Text: so-and-so white rice
Source: Python Technology [official ID: PYTHonAll]

Welcome to the wechat official account: Python Technology, here we have personally written 100 days of practical training, a variety of interesting programming practices, a variety of learning materials, and a large group of lovely friends to discuss with each other.
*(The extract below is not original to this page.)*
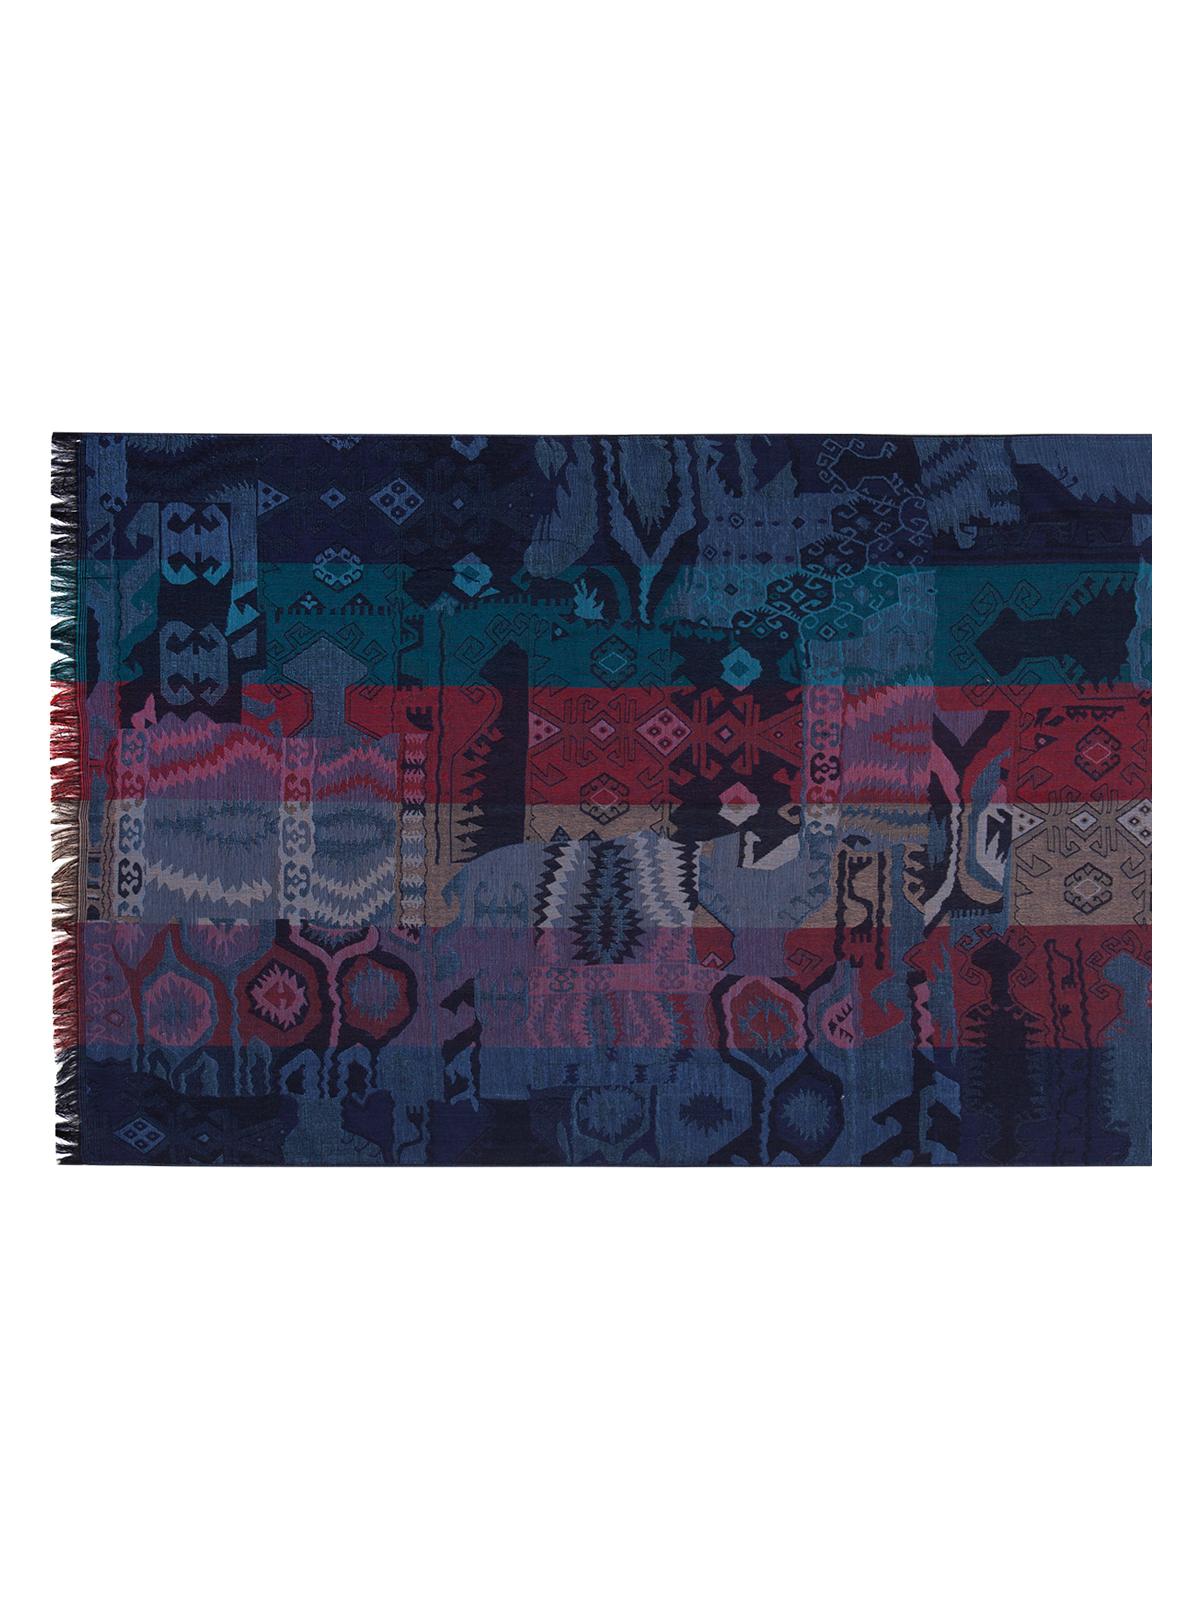 Палантин Labbra, цвет: темно-синий, мультицвет. LSC35-540. Размер 70 см х 180 смLSC35-540Палантин от Labbra изготовлен из шелка с добавлением шерсти и вискозы, оформлен ярким принтом. Изделие с машинной подгибкой, края декорированы бахромой.

Download the B site video using Python

Site B, which has 1.72 monthly users, is a video download site for Pythonista. For some unknown reason, videos that have been added to your favorites sometimes fail to work

Analysis of the page

First of all, we open a video in B site (www.bilibili.com/video/BV1Vh… F12 analysis of a wave, in the figure below you can see that there are multiple m4S ending links, and the response type is video/ MP4

Open the panel to the Elements interface and find a javascript variable called window.playinfo. The content is similar to the URL shown in the figure above. It is an M4S link and the target is found

Get the title and link

Capture video page and BeautifulSoup module parse page, get video title and link (www.bilibili.com/video/BV17K…

def __init__(self, bv) :
    # Video page address
    self.url = 'https://www.bilibili.com/video/' + bv
    # Download start time
    self.start_time = time.time()

def get_vedio_info(self) :
    try:
        headers = {
            'User-Agent': 'the Mozilla / 5.0 (Windows NT 10.0; Win64; X64) AppleWebKit/537.36 (KHTML, like Gecko) Chrome/84.0.4147.89 Safari
        }

        response = requests.get(url = self.url, headers = headers)
        if response.status_code == 200:

            bs = BeautifulSoup(response.text, 'html.parser')
            # Get the video title
            video_title = bs.find('span', class_='tit').get_text()

            # Get the video link
            pattern = re.compile(r"window\.__playinfo__=(.*?) $", re.MULTILINE | re.DOTALL)
            script = bs.find("script", text=pattern)
            result = pattern.search(script.next).group(1)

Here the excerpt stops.